• _Data provided_:
########################################
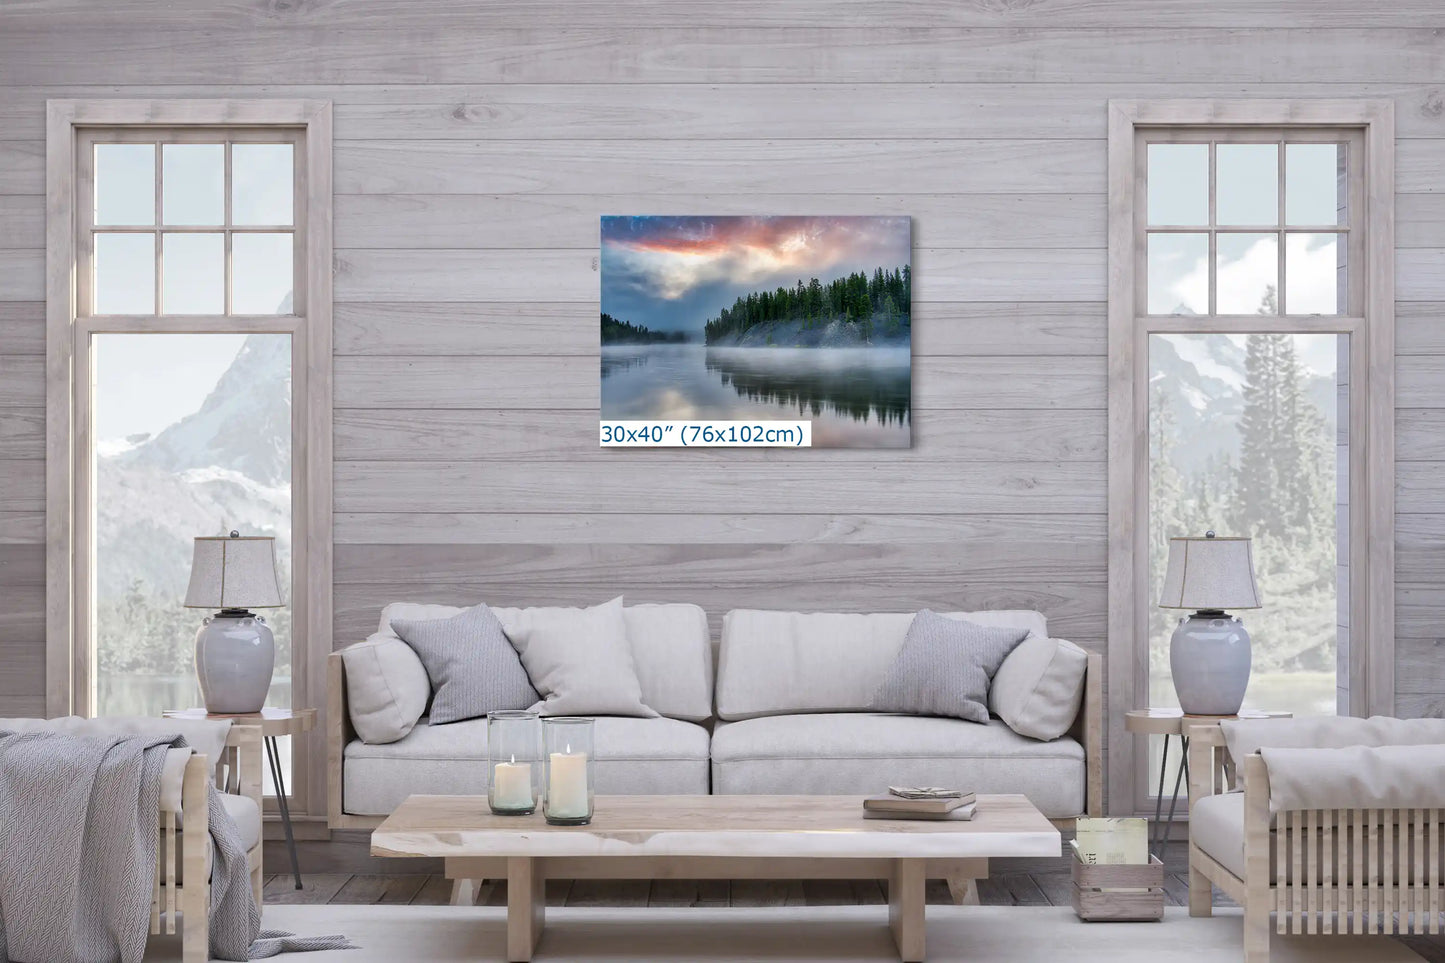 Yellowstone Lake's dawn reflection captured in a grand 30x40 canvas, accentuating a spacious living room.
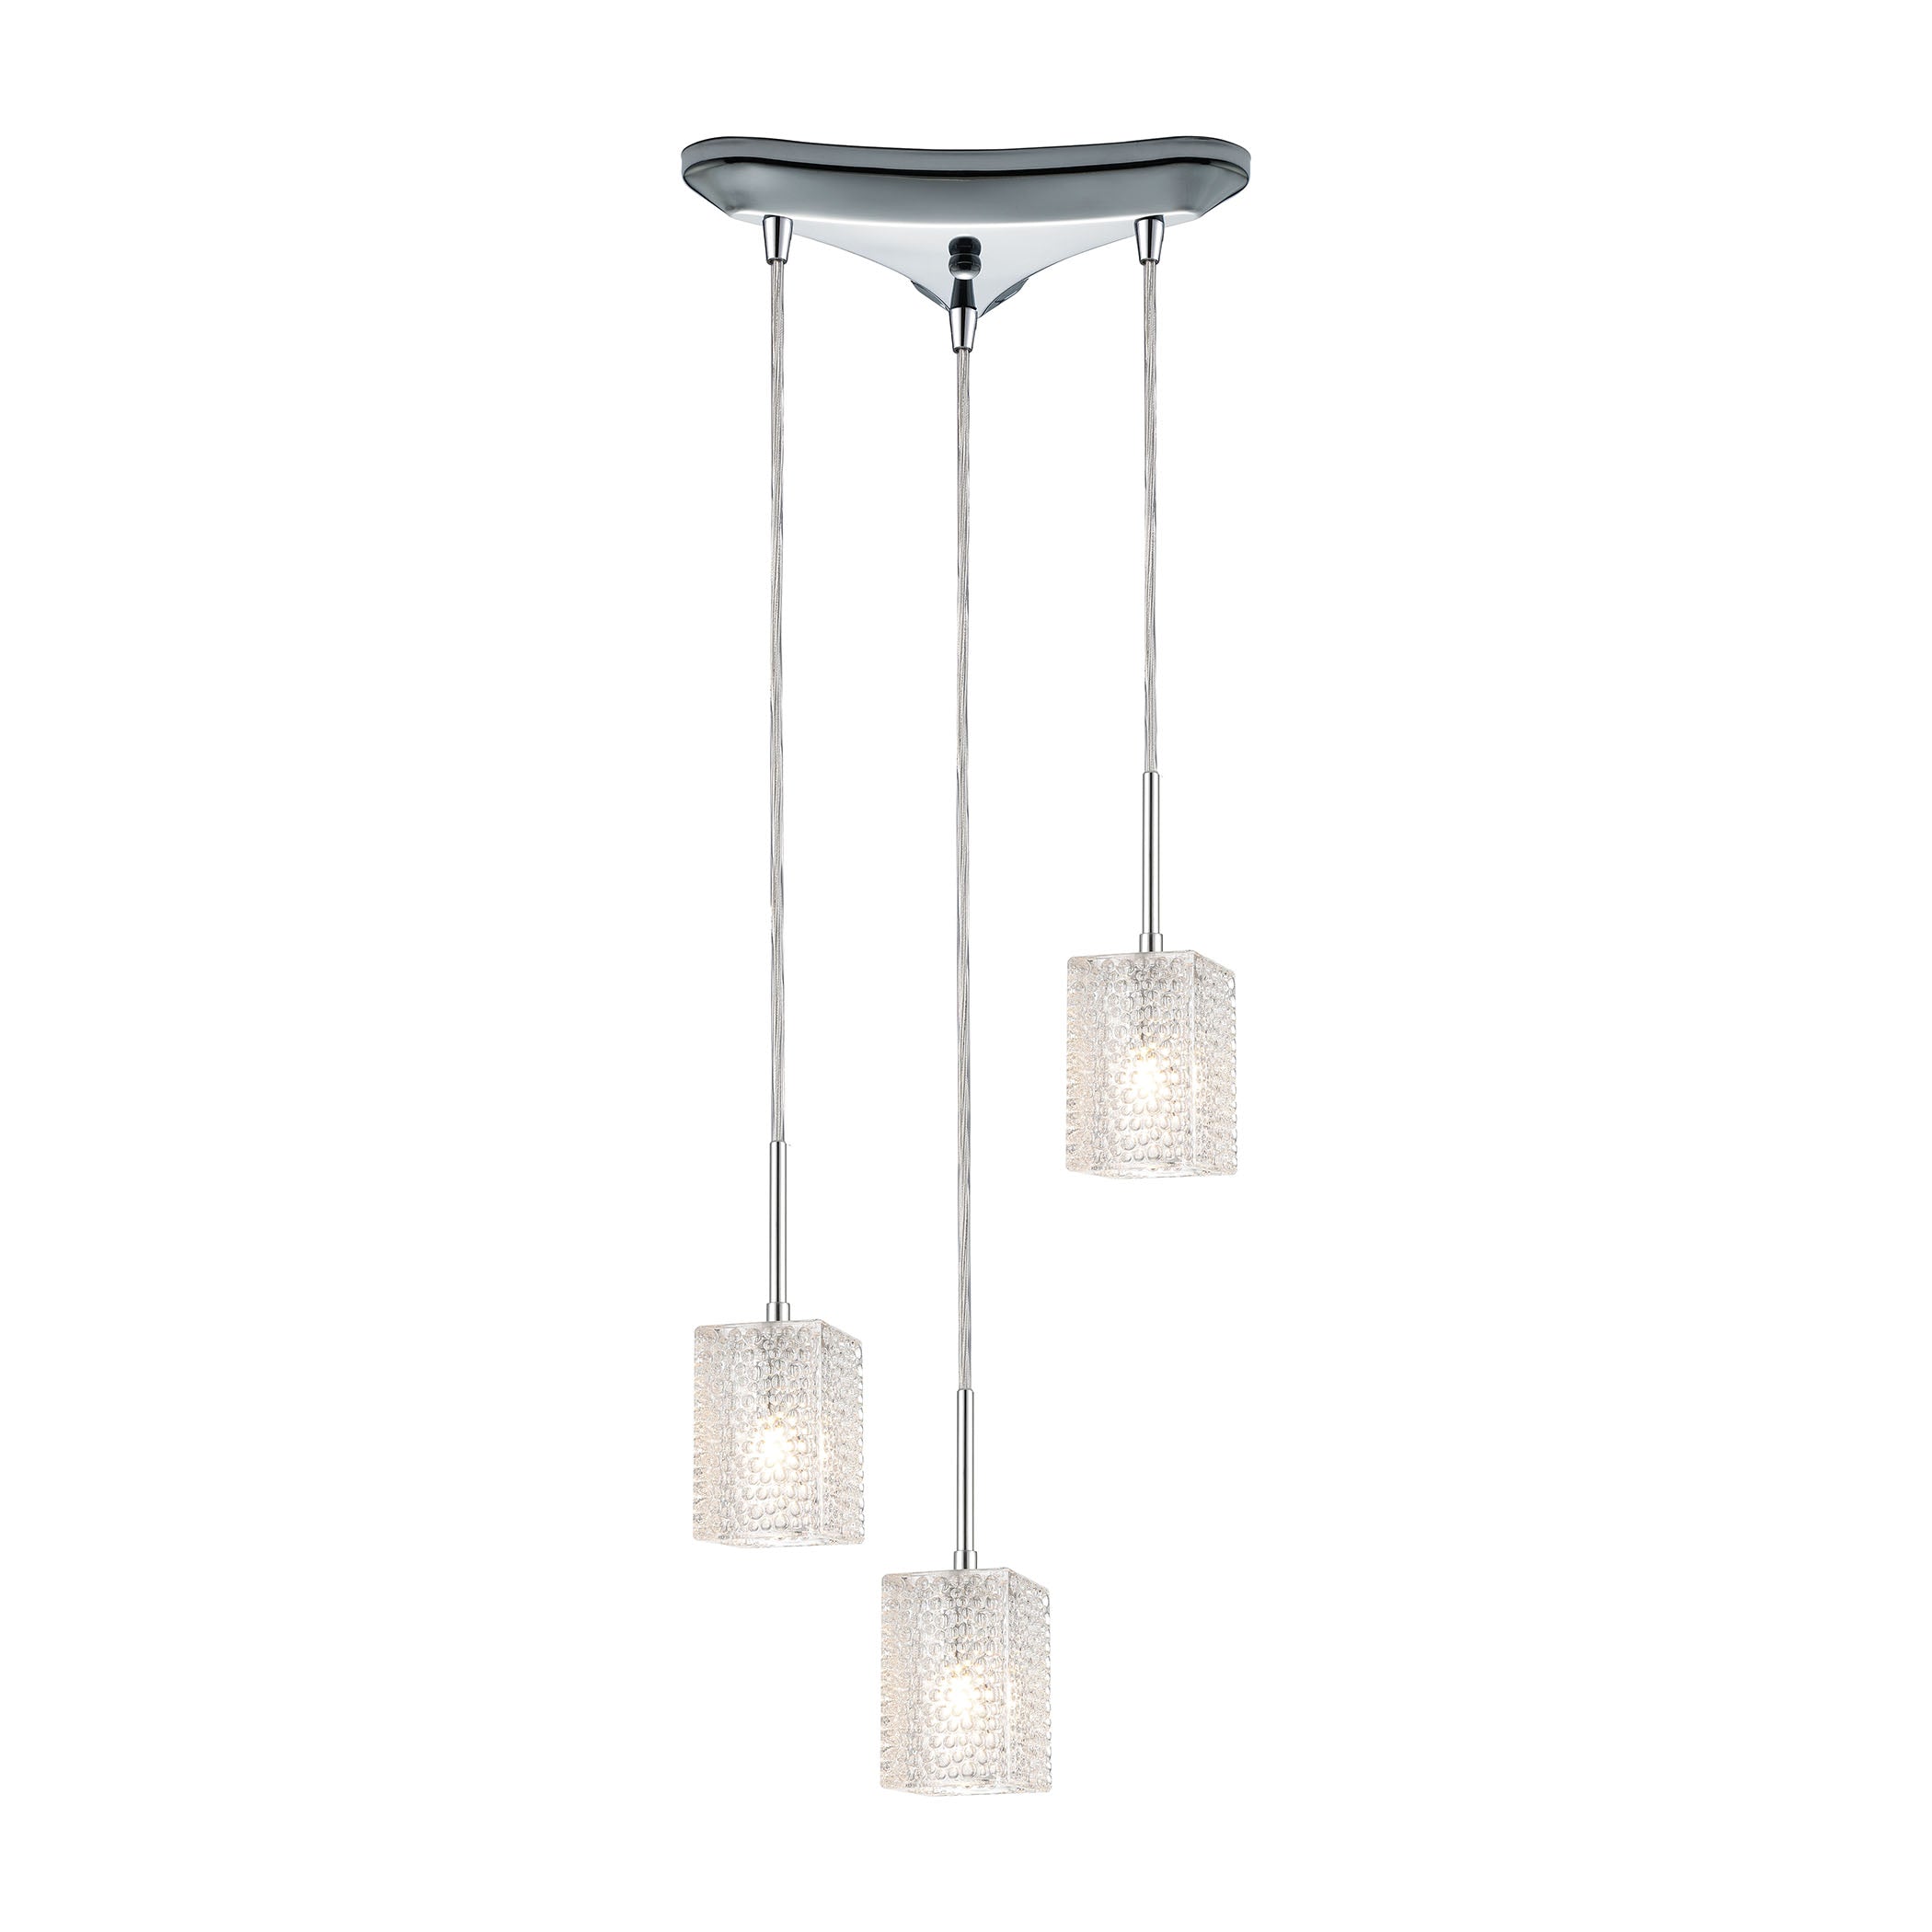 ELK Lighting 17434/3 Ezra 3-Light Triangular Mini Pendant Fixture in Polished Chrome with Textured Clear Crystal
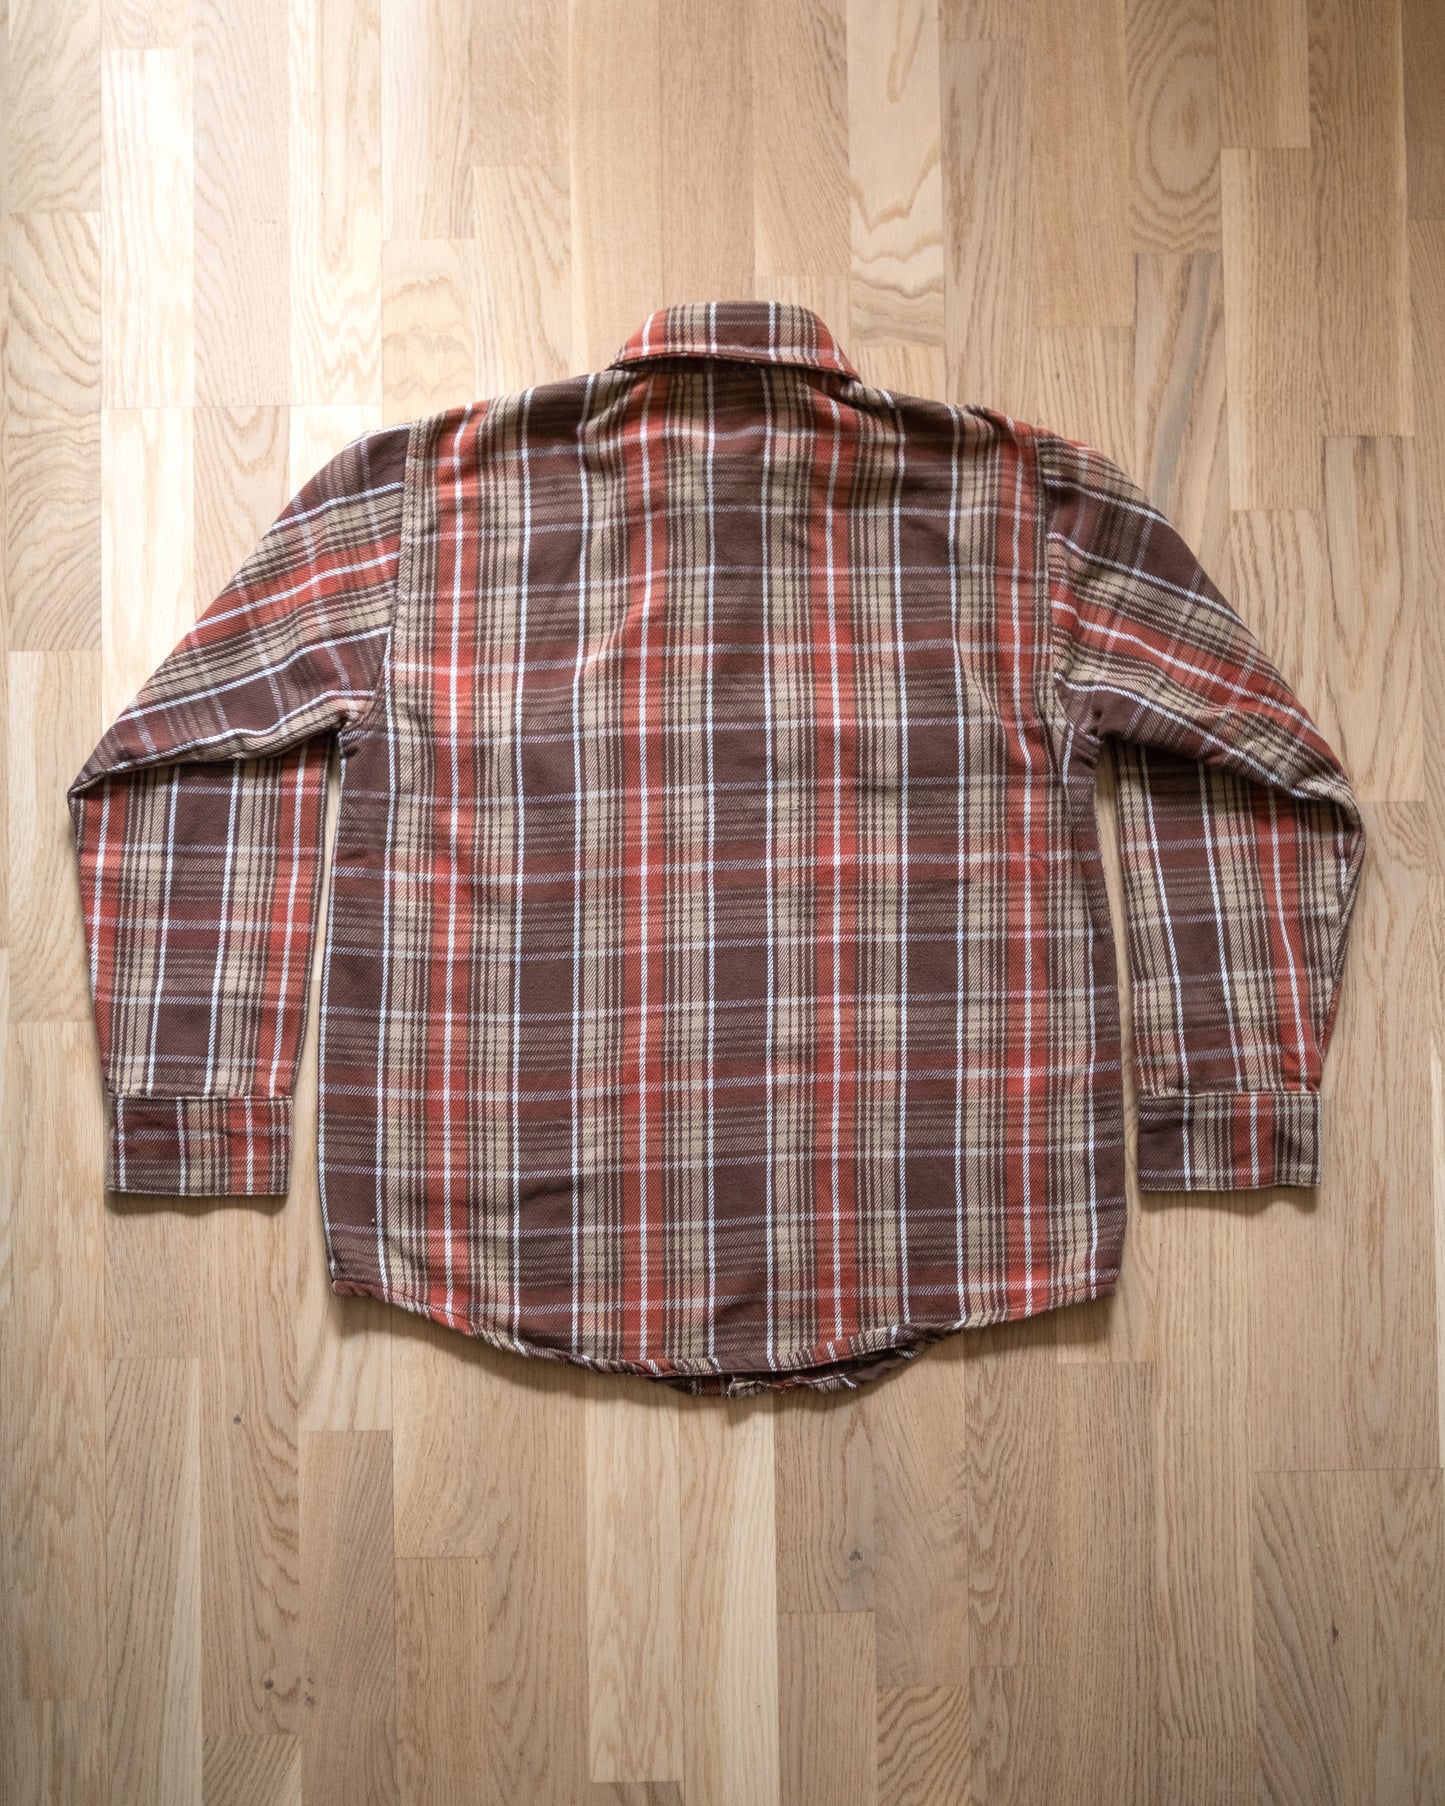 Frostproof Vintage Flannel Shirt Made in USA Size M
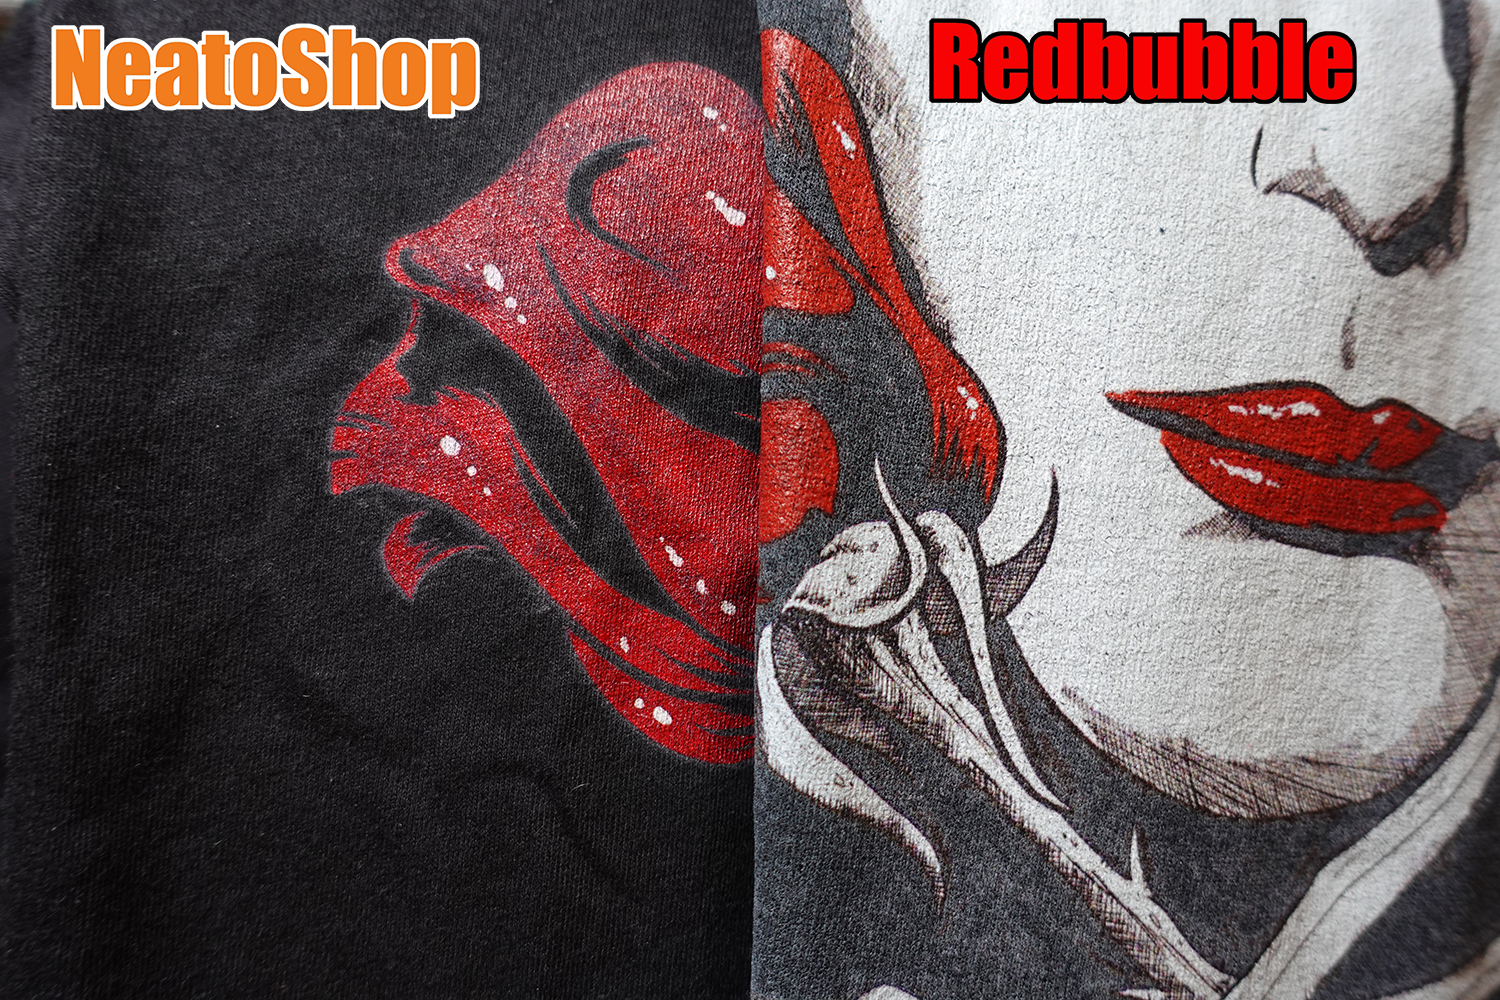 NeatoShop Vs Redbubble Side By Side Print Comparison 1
########################################
• _The problem_: All of the material above must be retyped exactly, line for line, with the images dropped.

• _Output for this task_:
 Yellowstone Lake's dawn reflection captured in a grand 30x40 canvas, accentuating a spacious living room.
 ELK Lighting 17434/3 Ezra 3-Light Triangular Mini Pendant Fixture in Polished Chrome with Textured Clear Crystal
 Frostproof Vintage Flannel Shirt Made in USA Size M
 NeatoShop Vs Redbubble Side By Side Print Comparison 1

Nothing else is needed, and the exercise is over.